REQUIREMENT: What follows is a set of records, each of which is to be written out exactly.

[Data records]

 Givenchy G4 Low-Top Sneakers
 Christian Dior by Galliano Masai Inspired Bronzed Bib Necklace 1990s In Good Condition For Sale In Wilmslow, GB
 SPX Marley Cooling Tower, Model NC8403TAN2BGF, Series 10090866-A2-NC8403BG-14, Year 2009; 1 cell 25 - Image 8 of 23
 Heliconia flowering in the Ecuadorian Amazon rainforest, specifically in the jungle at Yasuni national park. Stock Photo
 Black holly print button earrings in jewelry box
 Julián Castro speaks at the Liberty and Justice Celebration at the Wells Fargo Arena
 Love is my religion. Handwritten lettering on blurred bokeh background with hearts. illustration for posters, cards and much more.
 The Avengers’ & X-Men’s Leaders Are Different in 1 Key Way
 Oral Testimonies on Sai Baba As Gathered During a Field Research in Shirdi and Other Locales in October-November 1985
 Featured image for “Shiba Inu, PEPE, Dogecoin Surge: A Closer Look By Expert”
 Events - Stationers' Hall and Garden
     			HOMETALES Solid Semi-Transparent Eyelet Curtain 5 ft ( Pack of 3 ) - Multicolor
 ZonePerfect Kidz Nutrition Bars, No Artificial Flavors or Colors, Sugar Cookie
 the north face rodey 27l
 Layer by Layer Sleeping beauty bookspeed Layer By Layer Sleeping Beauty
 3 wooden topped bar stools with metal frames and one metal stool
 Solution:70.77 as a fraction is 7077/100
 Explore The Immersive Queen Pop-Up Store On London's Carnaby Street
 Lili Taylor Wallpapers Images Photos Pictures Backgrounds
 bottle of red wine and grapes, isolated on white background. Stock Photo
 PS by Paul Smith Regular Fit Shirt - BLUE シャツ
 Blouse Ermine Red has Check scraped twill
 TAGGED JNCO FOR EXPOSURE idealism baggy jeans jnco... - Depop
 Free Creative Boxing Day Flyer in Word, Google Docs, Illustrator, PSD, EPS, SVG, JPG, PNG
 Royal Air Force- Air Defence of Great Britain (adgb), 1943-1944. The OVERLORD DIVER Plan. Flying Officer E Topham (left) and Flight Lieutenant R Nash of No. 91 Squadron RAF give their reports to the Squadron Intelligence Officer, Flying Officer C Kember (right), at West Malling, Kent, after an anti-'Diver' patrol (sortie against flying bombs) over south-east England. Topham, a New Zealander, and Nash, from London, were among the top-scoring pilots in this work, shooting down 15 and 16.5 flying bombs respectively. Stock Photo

WRITTEN REPLY:
 Givenchy G4 Low-Top Sneakers
 Christian Dior by Galliano Masai Inspired Bronzed Bib Necklace 1990s In Good Condition For Sale In Wilmslow, GB
 SPX Marley Cooling Tower, Model NC8403TAN2BGF, Series 10090866-A2-NC8403BG-14, Year 2009; 1 cell 25 - Image 8 of 23
 Heliconia flowering in the Ecuadorian Amazon rainforest, specifically in the jungle at Yasuni national park. Stock Photo
 Black holly print button earrings in jewelry box
 Julián Castro speaks at the Liberty and Justice Celebration at the Wells Fargo Arena
 Love is my religion. Handwritten lettering on blurred bokeh background with hearts. illustration for posters, cards and much more.
 The Avengers’ & X-Men’s Leaders Are Different in 1 Key Way
 Oral Testimonies on Sai Baba As Gathered During a Field Research in Shirdi and Other Locales in October-November 1985
 Featured image for “Shiba Inu, PEPE, Dogecoin Surge: A Closer Look By Expert”
 Events - Stationers' Hall and Garden
     			HOMETALES Solid Semi-Transparent Eyelet Curtain 5 ft ( Pack of 3 ) - Multicolor
 ZonePerfect Kidz Nutrition Bars, No Artificial Flavors or Colors, Sugar Cookie
 the north face rodey 27l
 Layer by Layer Sleeping beauty bookspeed Layer By Layer Sleeping Beauty
 3 wooden topped bar stools with metal frames and one metal stool
 Solution:70.77 as a fraction is 7077/100
 Explore The Immersive Queen Pop-Up Store On London's Carnaby Street
 Lili Taylor Wallpapers Images Photos Pictures Backgrounds
 bottle of red wine and grapes, isolated on white background. Stock Photo
 PS by Paul Smith Regular Fit Shirt - BLUE シャツ
 Blouse Ermine Red has Check scraped twill
 TAGGED JNCO FOR EXPOSURE idealism baggy jeans jnco... - Depop
 Free Creative Boxing Day Flyer in Word, Google Docs, Illustrator, PSD, EPS, SVG, JPG, PNG
 Royal Air Force- Air Defence of Great Britain (adgb), 1943-1944. The OVERLORD DIVER Plan. Flying Officer E Topham (left) and Flight Lieutenant R Nash of No. 91 Squadron RAF give their reports to the Squadron Intelligence Officer, Flying Officer C Kember (right), at West Malling, Kent, after an anti-'Diver' patrol (sortie against flying bombs) over south-east England. Topham, a New Zealander, and Nash, from London, were among the top-scoring pilots in this work, shooting down 15 and 16.5 flying bombs respectively. Stock Photo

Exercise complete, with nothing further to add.